Quite apart from the mystery of why Senator Lindsey Graham, like so many US politicians and pundits, is so intent on starting yet a third major war of conquest when they are still fighting the two that George Bush started, is the matter of his language. Yesterday, at an international "security" conference in Halifax, Nova Scotia, Graham declared:
"So my view of military force would be not to just neutralize their nuclear program, which are probably dispersed and hardened, but to sink their navy, destroy their air force and deliver a decisive blow to the Revolutionary Guard," Graham told a panel.

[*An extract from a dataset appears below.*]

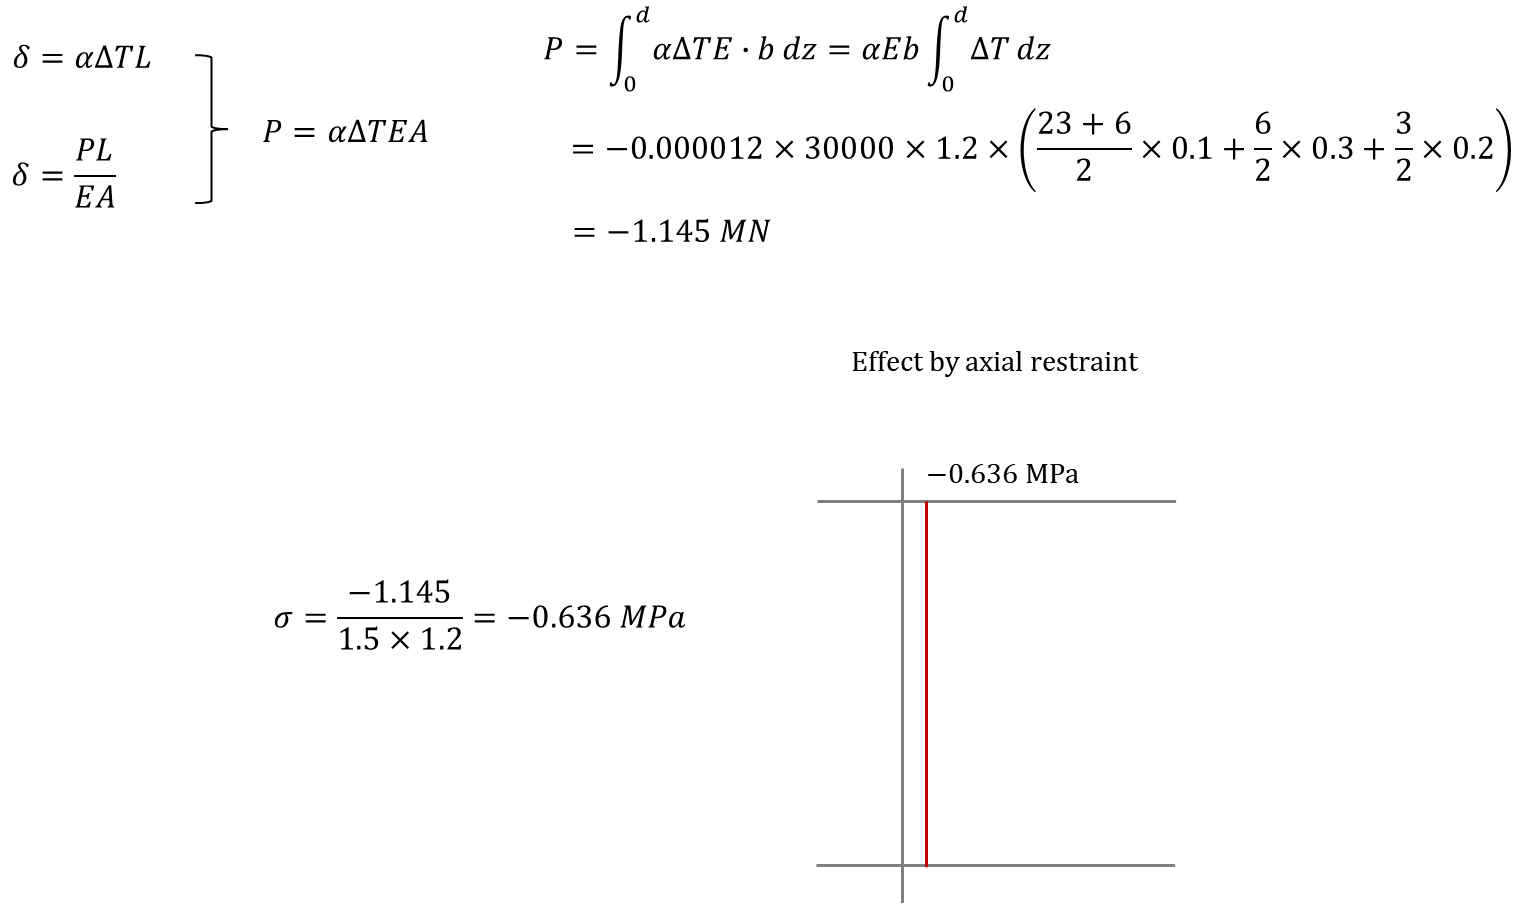 Figure7. Effect of axial restraint

"In other words, neuter that regime."
In other words? Really? So this is all about sexual potency and fertility? I can't help but recall Carol Cohn's classic article in Signs, published back in 1987, "Sex and Death in the Rational World of Defense Intellectuals." Cohn spent two years talking to "defense intellectuals" talking about nuclear war and nuclear weapons.
Feminists have often suggested that an important aspect of the arms race is phallic worship, that "missile envy" is a significant motivating force in the nuclear build-up. I have always found this an uncomfortably reductionist explanation and hoped that my research at the Center would yield a more complex analysis. But still, I was curious about the extent to which I might find a sexual subtext in the defense professionals' discourse. I was not prepared for what I found.

What she found was that it was so much more pervasive and explicit than seemed seriously possible. Cohn ended up studying the language and trying to understand how it functions. As she notes,
"Listening to the discourse of nuclear experts reveals a series of culturally grounded and culturally acceptable mechanisms that serve this purpose and that make it possible to think about the unthinkable," to work in institutions that foster the proliferation of nuclear weapons, to plan mass incinerations of millions of human beings. Language that is abstract, sanitized, full of euphemisms; language that is sexy and fun to use; paradigms whose referent is weapons; imagery that domesticates and deflates the force of mass destruction; imagery that reverses sentient and nonsentient matter, that conflates birth and death, destruction and creation---all of these are part of what makes it possible to be radically removed from the reality of what one is talking about and from the realities one is creating through the discourse.
You can read the entire piece here.

That was 1987. This is 2010, and the arms race is long in the past. The US's "Defense" budget exceeds the combined military budgets of every other state in the world. And here in 2010 Graham is equating the possession (or in the case of Iran, the remote potential for achieving possession) of nuclear capacity with sexual potency and fertility. Does that mean that the states that possesses nuclear weapons are sexually potent and fertile (possesses the phallus?) and that those that don't are sexually impotent and unable to procreate? That's what Graham's langauge is suggesting. (Not to mention that he believes it ought to be the United States Government and the United States Government alone that decides who deserves to be potent. Israel, yes. Iran, no.)

Also in Graham's statement was the assertion that "his party would support military action against Iran that would destroy its ability to fight back while allowing its people to rise up." Yeah, right. Just as they did in Iraq and Afghanistan. And we've seen how well those "military actions" have worked out.